I’ve spent periods where I’ve not read Andrew for weeks (after one too many of the Palin gynecological expeditions), but of course I always come back, because inevitably I miss him. And now he’s going to be gone. Selfishly, I regret that he’s not going to be there to hate and to love but always to read. On the other hand, assuming he’s got a financial cushion, I don’t blame him for doing this.

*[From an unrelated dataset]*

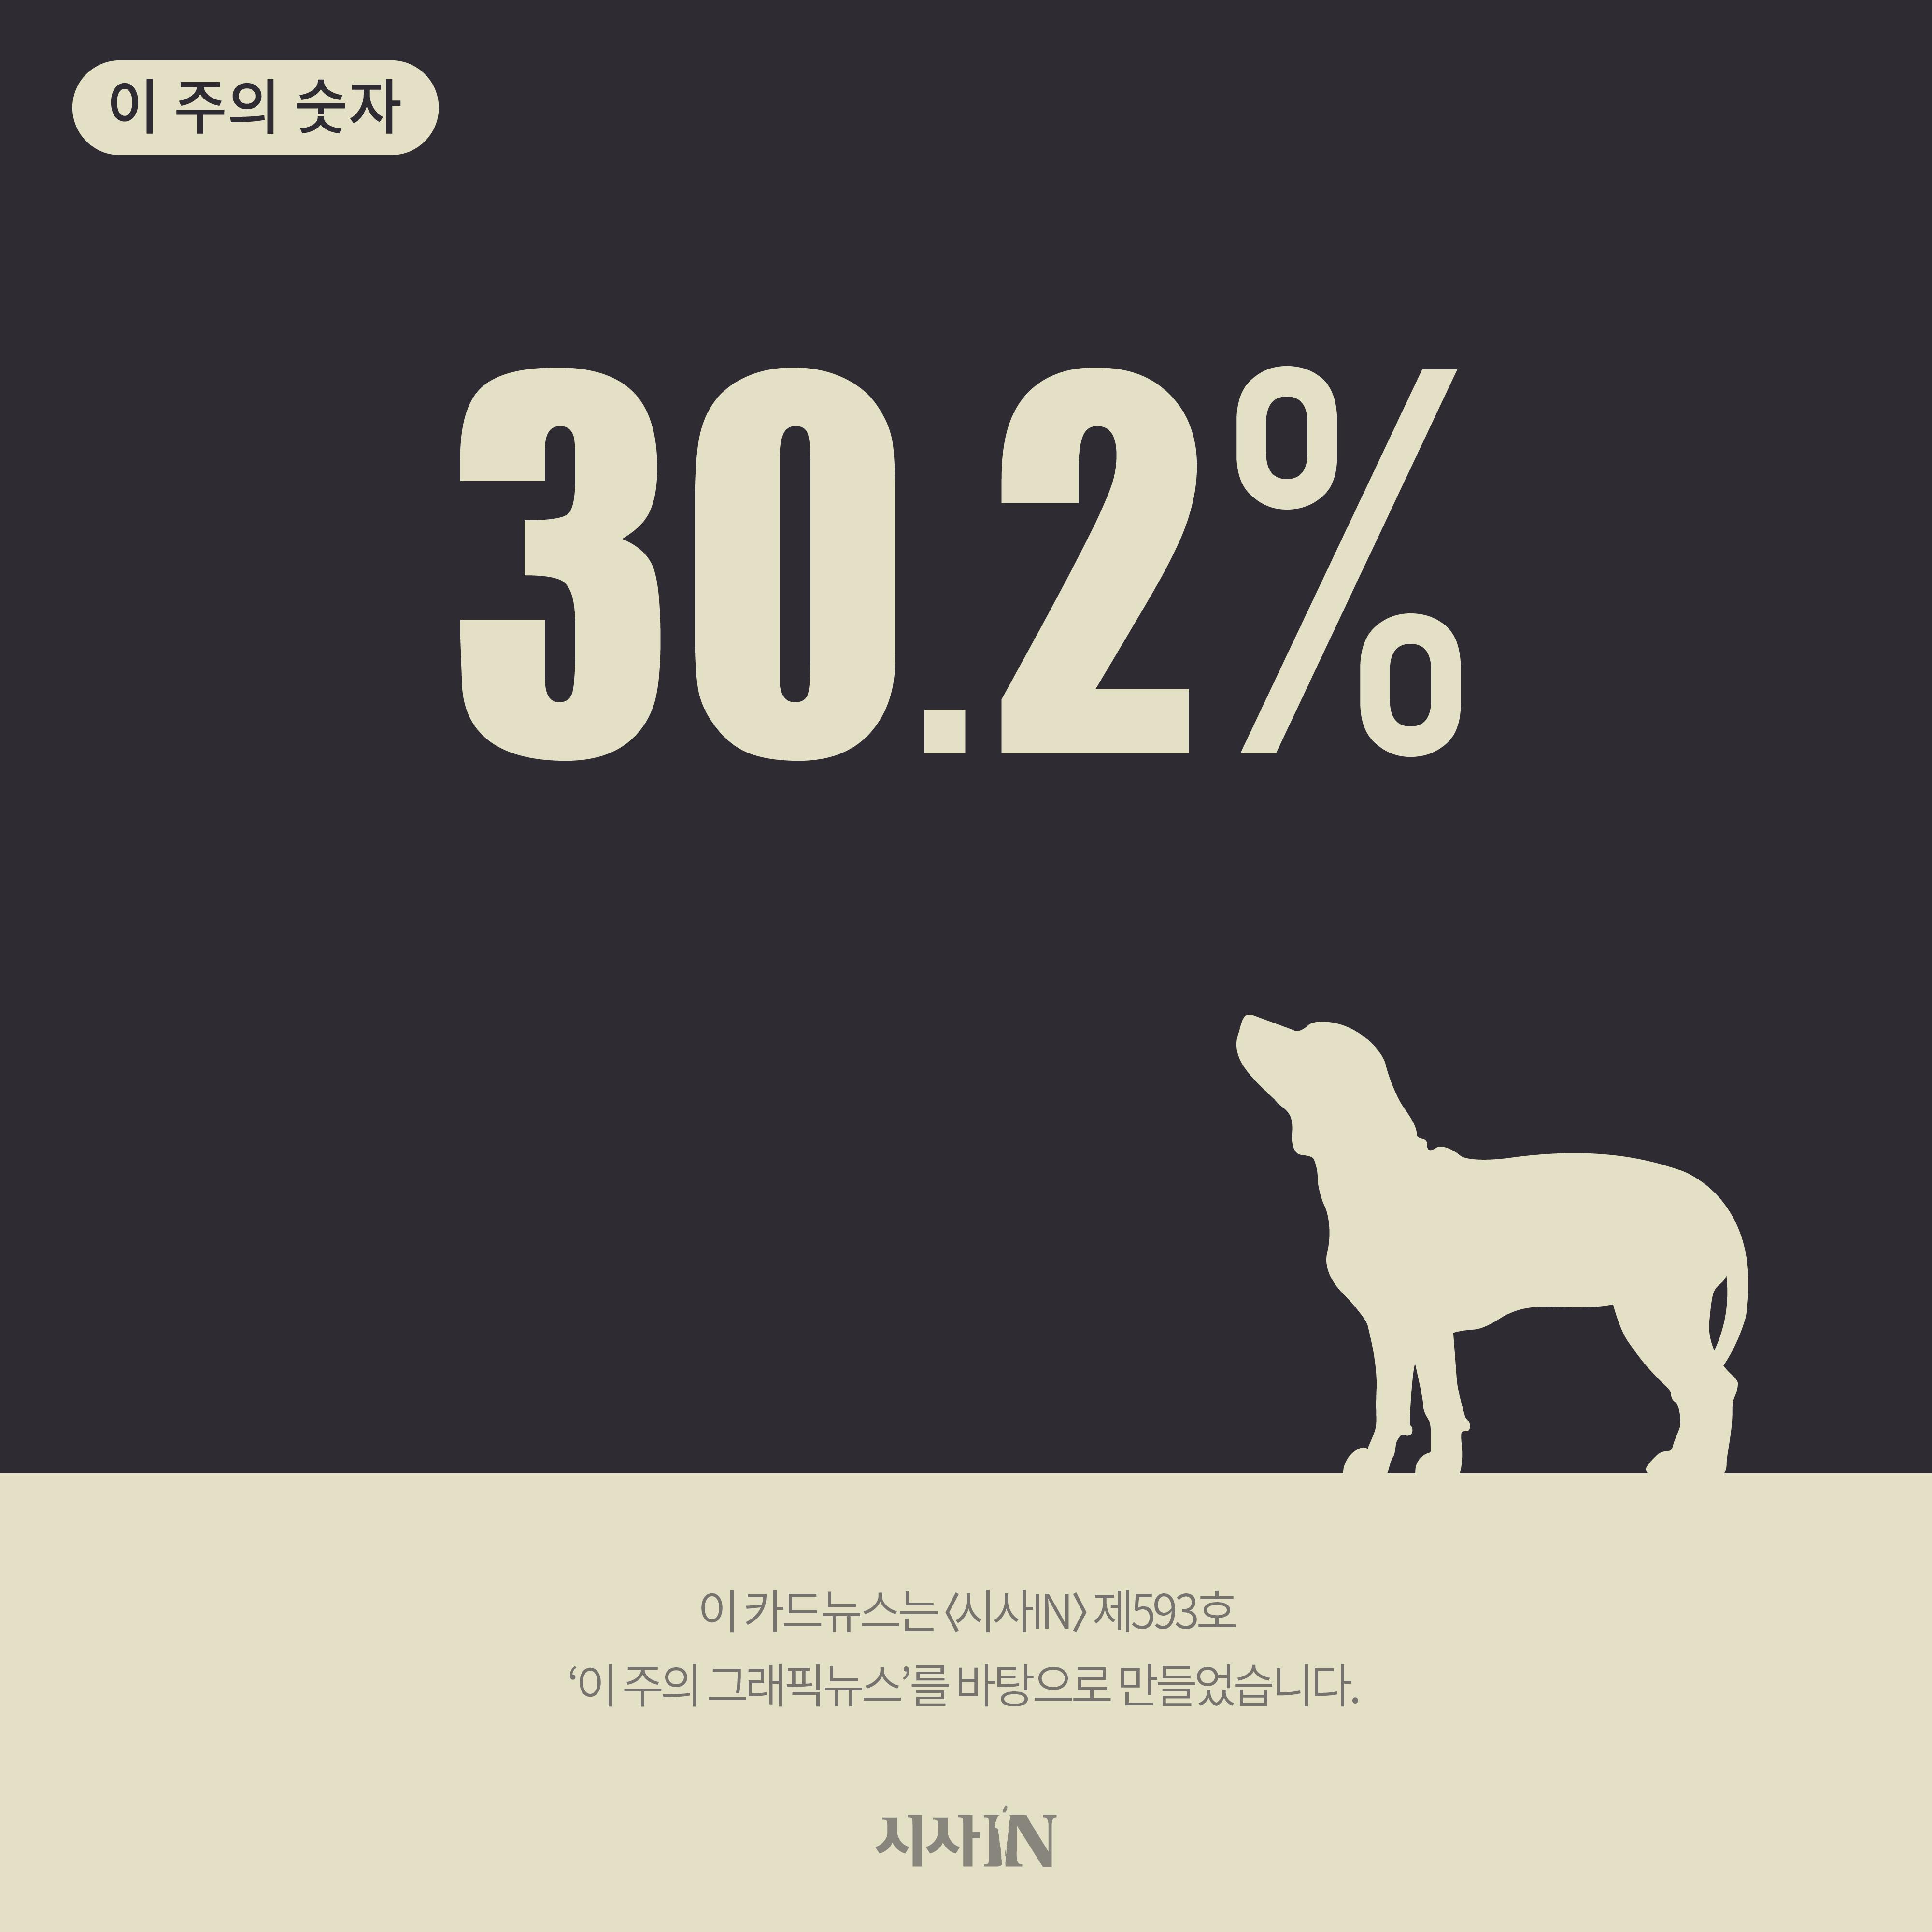 [카드뉴스] 이 주의 그래픽뉴스 - 30.2%

Blogging professionally is one of those jobs like being a movie critic. Everybody thinks it’s easy, until they try to do it. It’s not so much that you have to stay “on” all the time as it’s that you can’t turn it off. When Andrew says he’s burned out, I believe him. In the past four years, I’ve written two books, and am in the process of finishing co-writing a third, all the while continuing doing this blog, and other writing projects. And I’m not complaining! I really love my job. But for reasons outside of my control, the work got incredibly intense for the last three months of the year, and I lost my health again (though I seem to be bouncing back, Deo gratias). It’s stress. I regret to say that I don’t know how to unplug digitally. I can’t stand still in a line without checking e-mail, approving blog comments, living digitally. That’s messed up. What’s even more messed up is that I love this stuff. I really do. This is the best job I’ve ever had, and the best I can imagine having. And every time I start feeling worn out, I’ll be driving and seeing some guy busting their butts on a road crew in the Louisiana sun, and I’ll realize how easy I have it.

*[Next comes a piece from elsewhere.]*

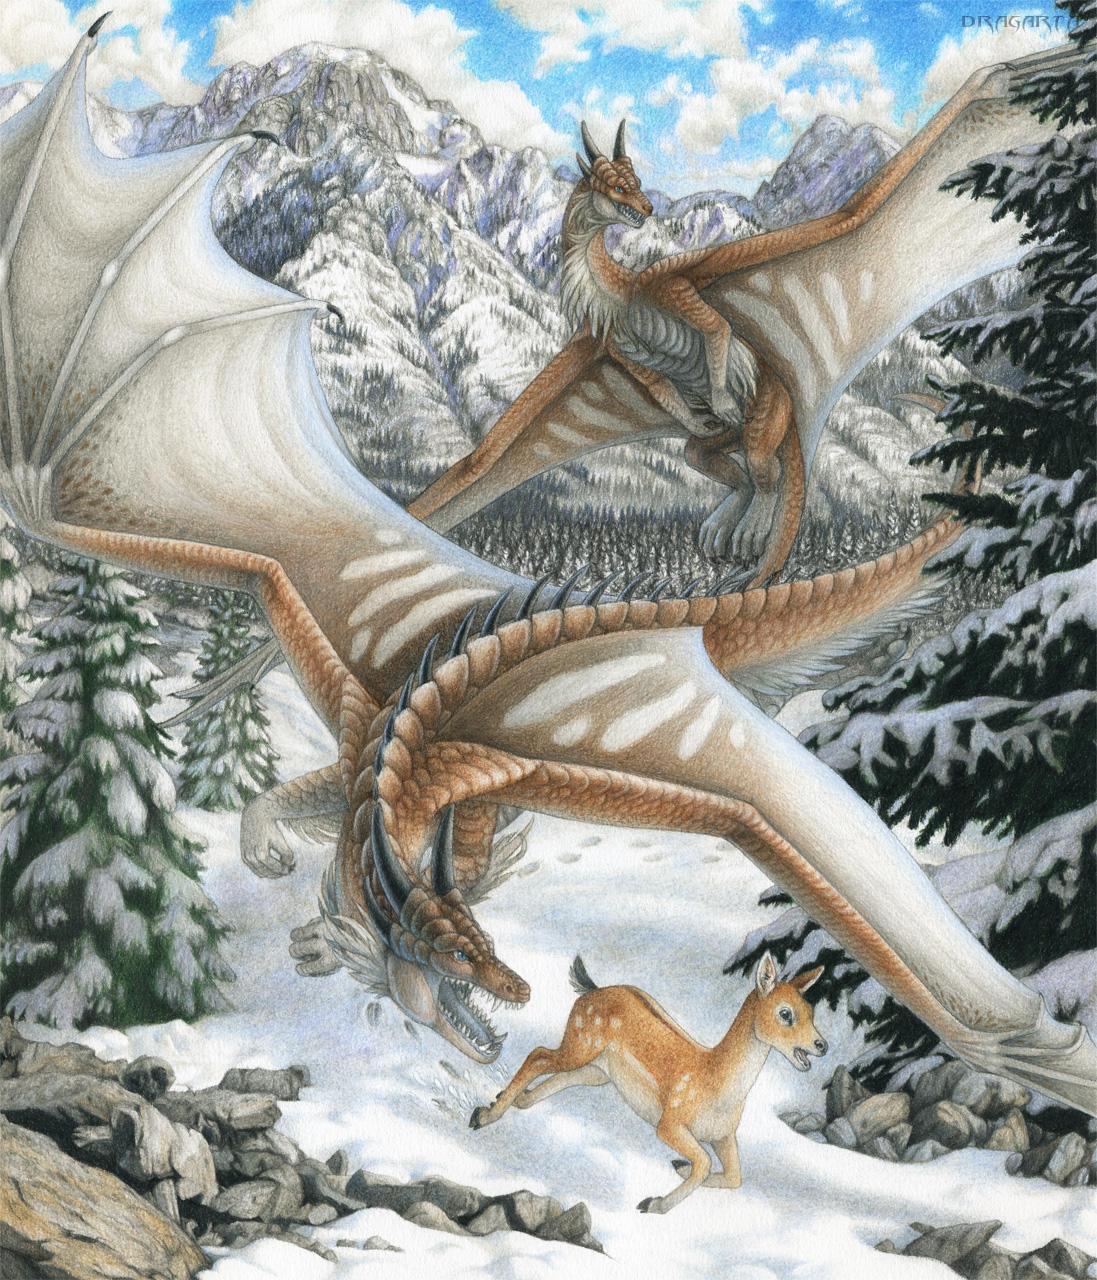 First hunt by Dragarta

It does take a toll. I spent five hours on a phone call today with my writing partner on this next book (out this fall), and still blogged. I was so wiped by day’s end I couldn’t even walk around the long block with the kids after dark. My wife feels like a blog widow a lot of the time, and my kids feel like blog orphans. I wonder sometimes what it would be like if I took a three-month hiatus in which I wrote nothing, or at least nothing that I published instantly. I can’t afford to do that, but I think about it.

So, good luck to Andrew Sullivan. I hope he gets healthier, calmer, and finds a still place in which to dwell for a while. It’s got to be hard to walk away from one of the most successful blogs on the Internet. The year that I was working at Templeton and wasn’t allowed to blog was really, really stressful. I wouldn’t be surprised if after six months of resting up, Andrew didn’t come back. That would be fine too.

I wish his talented staff well, and hope they find work soon. They’re nice guys, at least the ones I’ve met: Chris Bodenner and Patrick Appel, and the staffer with whom I’ve corresponded, and whose work I admire, Matthew Sitman.